The base solver owns the training loop. Your subclass supplies the pieces that are task-specific.

import torch
from thsolver import Solver, build_dataset, build_model


class DemoSolver(Solver):

    def get_model(self, flags):
        return build_model(flags)

    def get_dataset(self, flags):
        return build_dataset(flags)

    def train_step(self, batch):
        output = self.model(batch)
        loss = output["loss"]
        return {
            "train/loss": loss,
            "train/metric": output["metric"],
        }

    @torch.no_grad()
    def test_step(self, batch):
        output = self.model(batch)
        return {
            "test/loss": output["loss"],
            "test/metric": output["metric"],
        }

    def eval_step(self, batch):
        output = self.model(batch)
        # write predictions or accumulate task-specific results here


if __name__ == "__main__":
    DemoSolver.main()

Note

The example above is intentionally schematic. thsolver does not impose a fixed batch structure or model signature. Your dataloader decides what a batch looks like, and your hooks decide how to move it to CUDA, run the model, and compute losses or metrics.

Required Hooks

The following methods are expected in most projects:

thsolver.solver.Solver.get_model() returns a torch.nn.Module.
thsolver.solver.Solver.get_dataset() returns (dataset, collate_fn).
thsolver.solver.Solver.train_step() must return a dict containing the key "train/loss".
thsolver.solver.Solver.test_step() returns test losses or metrics that should be averaged over the epoch.
thsolver.solver.Solver.eval_step() is used for evaluation-only jobs such as dumping predictions.

Run Modes

SOLVER.run selects which entry point the base class will execute:

train runs the full training loop.
test loads a checkpoint and evaluates on the test loader.
evaluate calls thsolver.solver.Solver.eval_step() for side-effect evaluation jobs.
profile runs a short PyTorch profiler session on the training step.

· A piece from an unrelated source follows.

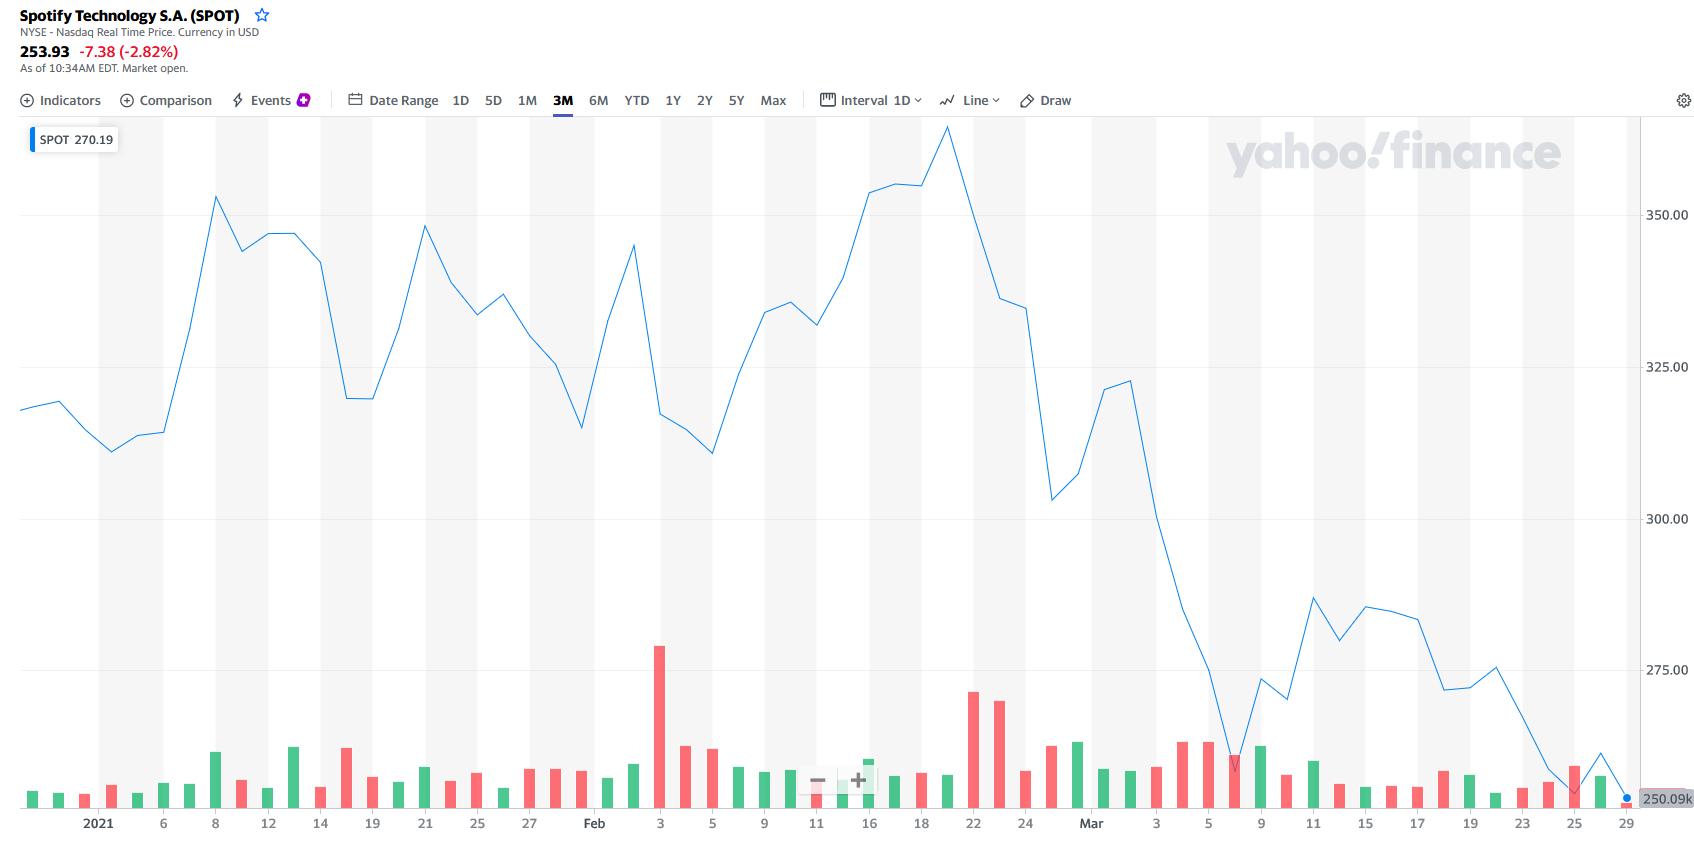 spotify_stock-202012-202103.jpg

What the Base Class Handles

Once the hooks are in place, thsolver.solver.Solver takes care of:

dataloader creation with infinite samplers
optimizer and learning-rate scheduler setup
mixed precision with none, fp16, or bf16
checkpoint save and restore
TensorBoard logging and CSV logging
best-checkpoint tracking through SOLVER.best_val
single-node spawn-based DDP and torchrun-based launches